The quartet of White Storks lingered a little longer at Wet Moor in Somerset ~ still present from 16th-21st (departing to the northeast just after midday on the final date) while over the Severn Estuary and away to Pembrokeshire, a Glossy Ibis remained at Marloes Mere all week ~ birds have been seen here, off and on, since January 17th this year with a peak of four birds in May. Another long-staying Glossy Ibis is the bird at Tacumshin (Co. Wexford) which was seen to 18th at least (birds have been noted here intermittently since May) while in Cork, a bird at Timoleague has been around since at least early June (one was seen in February and three were present in May).
Up to 20 Spoonbills were still enjoying themselves at Titchwell RSPB (Norfolk) during the week, with eight of them decamping to nearby Holme on 19th. To the east, at Cley, up to 10 birds were noted (including several begging juveniles of various growing bill lengths) while in Suffolk, Minsmere RSPB hosted seven birds on 15th while nine other birds were spread across seven counties, from Somerset and Dorset to Northumberland and Forth. The only Common Cranes reported this week were three birds at Welney WWT (Norfolk) on 21st.
At Marazion Marsh, a Spotted Crake was seen through to 18th, with another at Stanpit (Dorset) on the same day (seen again at the end of the week too). The 18th also saw the discovery of a Spotted Crake at Farlington Marshes in Hampshire, that bird showed well to the following day with the final individual this week appearing at Birstall Meadows, near Leicetser, on 21st ~ a great inland patch find. On Orkney, a drifting Corncrake was found on North Ronaldsay on 16th.
The first Ring-necked Duck of the autumn was found at Loch Leven (Perth & Kinross) on 20th, while two Ferruginous Ducks remained from previous weeks ~ at Blagdon Lake (Somerset) to 19th at least (having last been reported at the start of the month) and at Minsmere RSPB (Suffolk), also to 19th.

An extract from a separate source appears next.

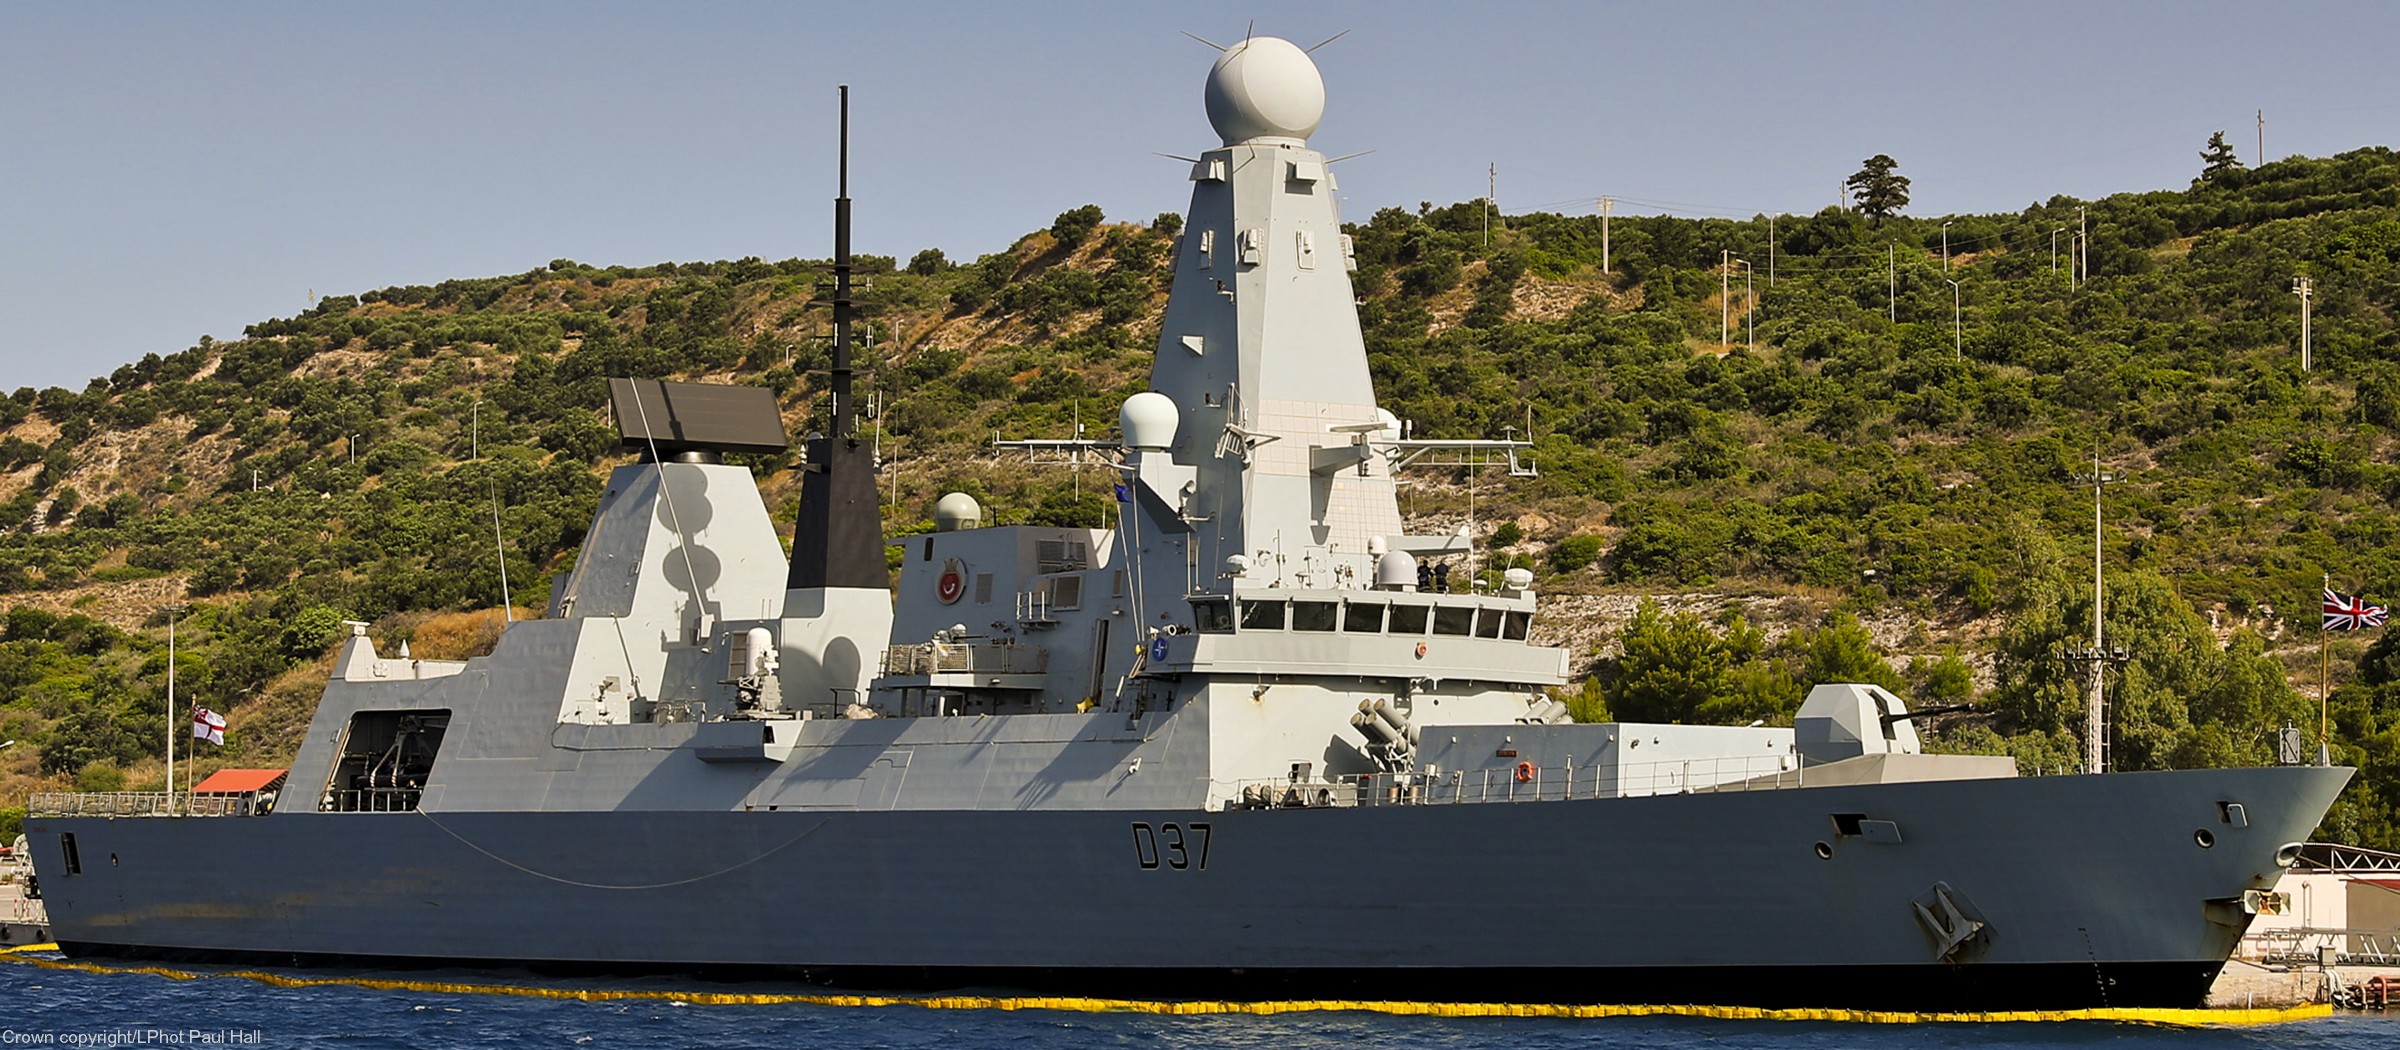 d37 hms duncan d-37 type 45 daring class guided missile destroyer ddg royal navy sea viper 62

The only other duck of note this week was a female Surf Scoter (and the presumed Surf X Common Scoter hybrid) amongst the summering sea duck flock off Blackdog (Aberdeenshire) on 17th.
Staying in Scotland, a Black Kite was seen over the Montrose Basin (Angus) on 19th (still a very rare bird in mainland Scotland) while some 25 migrant Honey Buzzards were reported during the week, including three over Wells (Norfolk) on 20th.
Off the coast of Donegal, on Arranmore, the male Snowy Owl was still present on 17th-20th, captured in flight beautifully here by Ronan McLaughlin….
This week saw the arrival of the first two Baird’s Sandpipers of 2012 ~ the first making landfall in County Kerry, at Baile an Reannaigh, on 16th-17th with the second, a neat juvenile, appearing at West Angle Bay (Pembrokeshire) on 20th-21st.
Also new this week, a super-stripey juvenile Broad-billed Sandpiper ~ found at last knockings of the evening of 21st at Seaton Snook (Cleveland). Just the second Broad-billed Sandpiper of the year (the only other individual was seen on the Outer Hebrides at the end of May) it’s the first in the county for a couple of years ~ the most recent record was another juvenile, also at Seaton Snook, in September 2010.
Another new shorebird this week was the first-summer American Golden Plover found on the Ouse Washes, near Earith (Cambridgeshire) on 21st ~ since the first record in 2001, this still exciting vagrant has appeared in the county in seven of the last 11 years ~ not a bad strike rate ~ but it’s the first since 2008.
Northumberland’s first Buff-breasted Sandpiper in almost three years was found at Warkworth on 18th with Irish singles on Cape Clear, also on 18th, and Quilty (Co. Clare) the following day. In Derry, a White-rumped Sandpiper spent 18th-20th on the banks of the Bann Estuary and the second of the week was found at Snettisham RSPB (Norfolk) on 21st.
Five Pectoral Sandpipers were recorded this week ~ singles remained at Marshside RSPB (Lancashire) and Elmley RSPB (Kent) to 16th and 17th respectively ~ with new birds at Saltfleetby NNR (Lincolnshire) on 18th and, on 19th, at Rosslare (Co. Wexford) and Loch of Strathbeg (Aberdeenshire).
The moulting adult Long-billed Dowitcher at Slimbridge (Gloucestershire) remained in place for another week while, from a different point on the compass, a Black-winged Stilt, seen in flight over Pett Level (East Sussex) on 15th.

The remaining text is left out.